Material use, energy consumption, waste generation, and carbon emission are the most determining factors that drive down the whopping energy that this vital sector consumes.
Plus, it’s comes to our attention that environment fosters the healing process. So. it’s a two-way street; Watching the environment’s back when designing, building and running a medical architecture, will most certainly help speed up the healing process.
H) Incorporating Changes in Technology
Construction clearly couldn’t keep up with the incessant advances in technology.
So, rather than envisioning the newest device to install in a hospital, we should be more concerned to come up with a medical architecture procedure to be able to make new adjustments when it comes to technology-tethered facilities.
Some of which are either cumbersome like MRI machines or abundant and handy in any medical architecture like patient room portals.
Data-driven services or connect-care grids have also revolutionized human interactions in a llot of health care plans facilities or even obsolete in some cases.
Right Hemisphere - Concerning Feelings of people in a medical architecture
I) Curbing Anxiety with Natural Elements
Today, the roles nature and the environment play in the healing process and their positive effect on all the people inside a healthcare medical architecture is a generally accepted fact.
Even the most jubilant care event for a patient - giving birth to a child - could be pretty stressful in any medical architecture. Exerting different natural elements like the sky, plants or natural harmonic sounds like water flow could unconsciously curb any anxiety.
J) Identifying and Addressing the Needs of the Community
We talked about how to make a calmer place inside a hospital; now what about the people who pass by the hospital outside.
Maybe “Treating the ill” would have been a sufficient quota for almost all health care plans and clinics in the past, but they’ll hardly suffice today.
Guaranteeing the well-being of the community (or people as a whole) is the promise of today. Rather than building reclusive giant blocks surrounded by runways or sprawling parking lots, medical architecture can promote social interaction for all walks of people and not just the ones seeking treatment.

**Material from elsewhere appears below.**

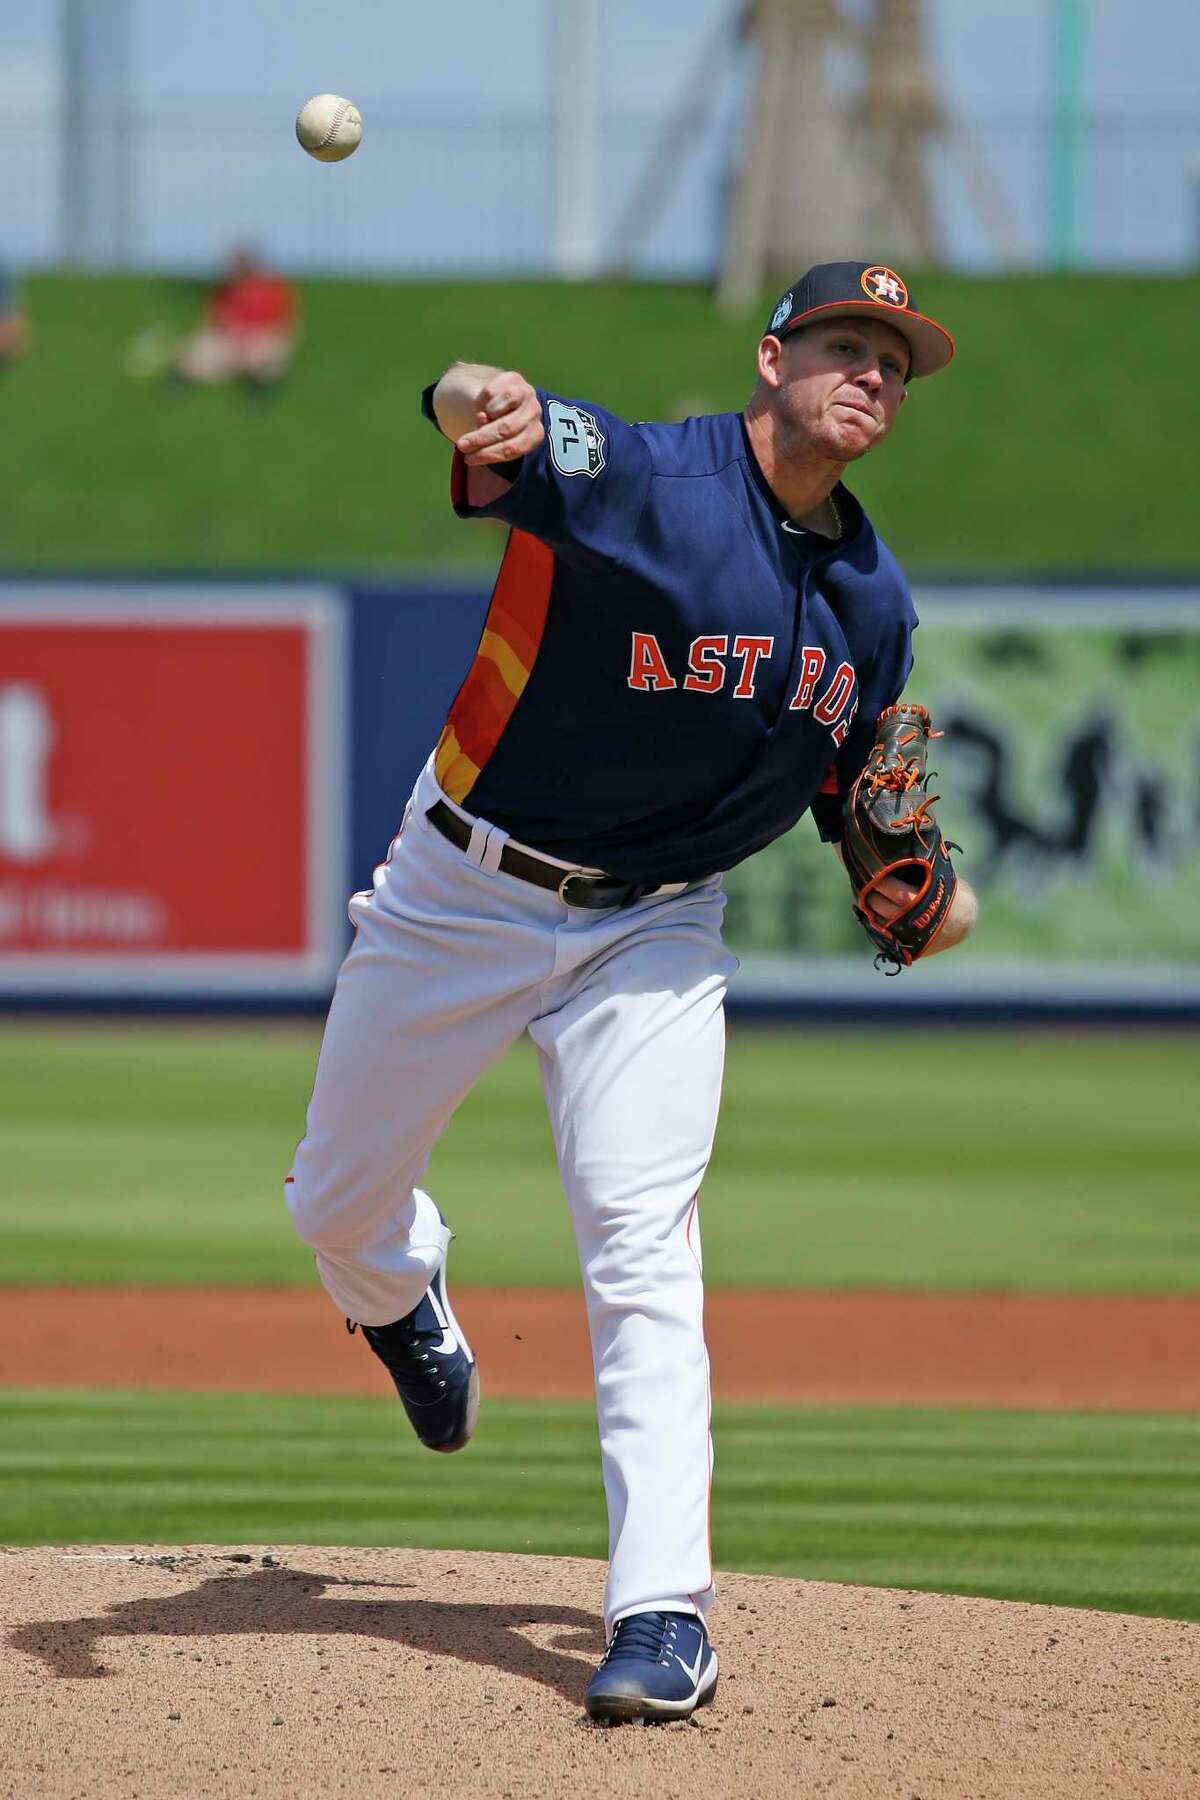 WEST PALM BEACH, FL - MARCH 6: Chris Devenski #47 of the Houston Astros throw the ball against the Boston Red Sox in the first inning during a spring training game at The Ballpark of the Palm Beaches on March 6, 2017 in West Palm Beach, Florida. The Astros and Red Sox played to a 5-5 tie.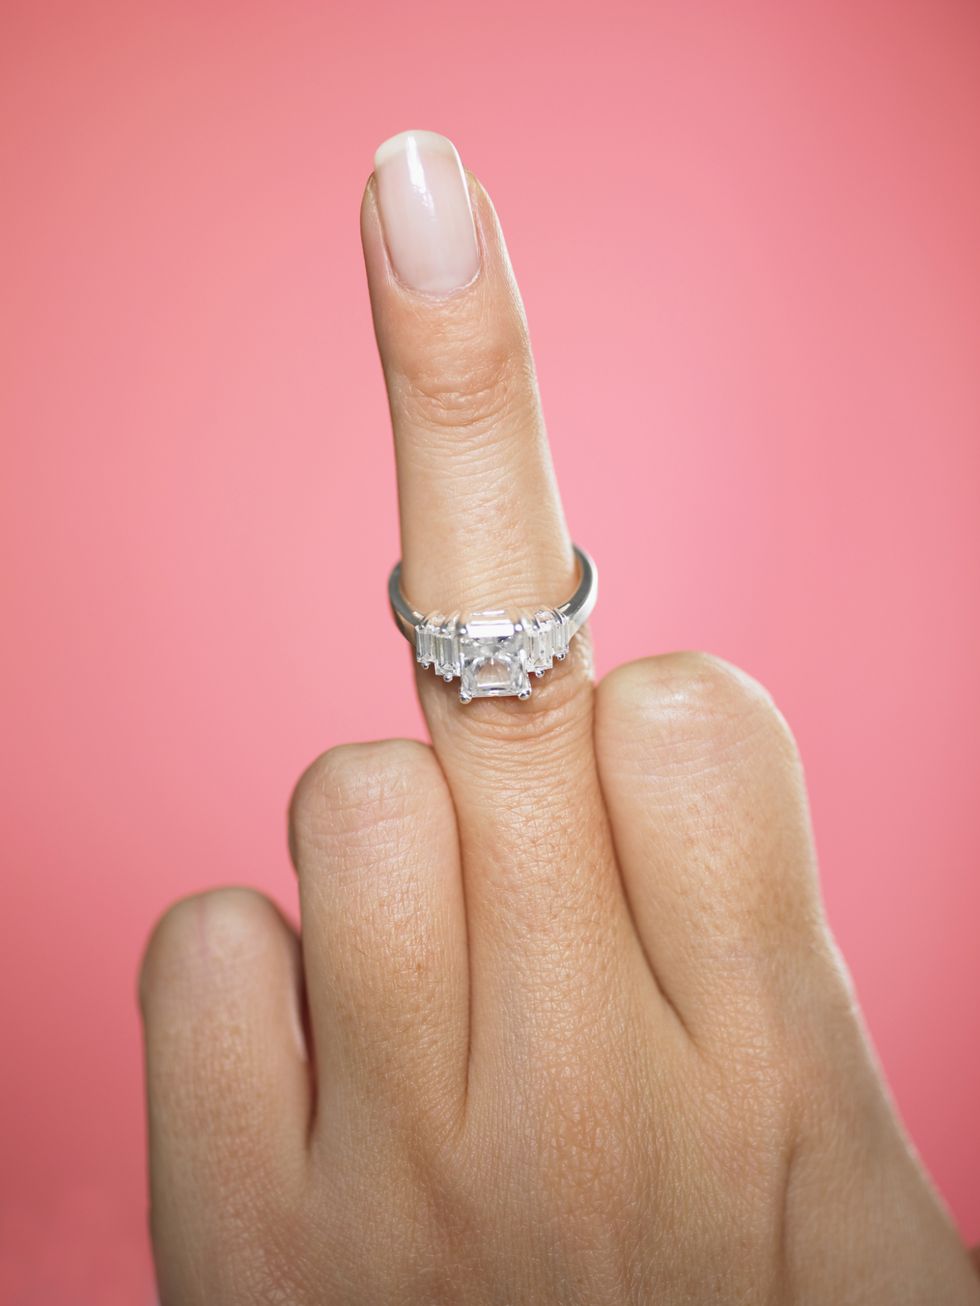 Finger, Skin, Jewellery, Hand, Ring, Nail, Pre-engagement ring, Thumb, Engagement ring, Metal,

K) Whole is more than just the sum of constituents
As the title reads, a whole is more than just the sheer sum of its elements. The same is true about a group of people.
The lager energy of a group of patients should be channeled into healing the same patients. Sometimes a smile can make your already-frustrating day! Or a seemingly ostensible small talk is all a patient has throughout the day.
By designing an inviting medical architecture for such apparently-insignificant human interactions, we might manage to make a significant change in the collective well-being of the patients.
L) Give the Patient a Controlled Sense of Control
In the lefty’s section, we described the importance of creating constant care for patients by making an example of some of the most effective topologies for the treatment areas of a medical architecture.
But the premise is two-fold. Patient’s sense of control and access to the services he or she needs is crucial in their feeling of safety and satisfaction.
Designing any sort of medical architecture is for sure a job easier said than done, with a seemingly infinite design check-list to check.
Careful examination of the different patient and staff needs - as mostly practiced in architecture schools - and the numerous regulatory mandates the design is supposed to abide are the two wings of an effective medical architecture, designed to provide well-being for the community and not just the ill.
Both are needed for the promise of a responsive, efficient, and agile medical architecture.
If you have any comments or you’re so inclined, please share your thoughts on what you think is important when designing a health-care center.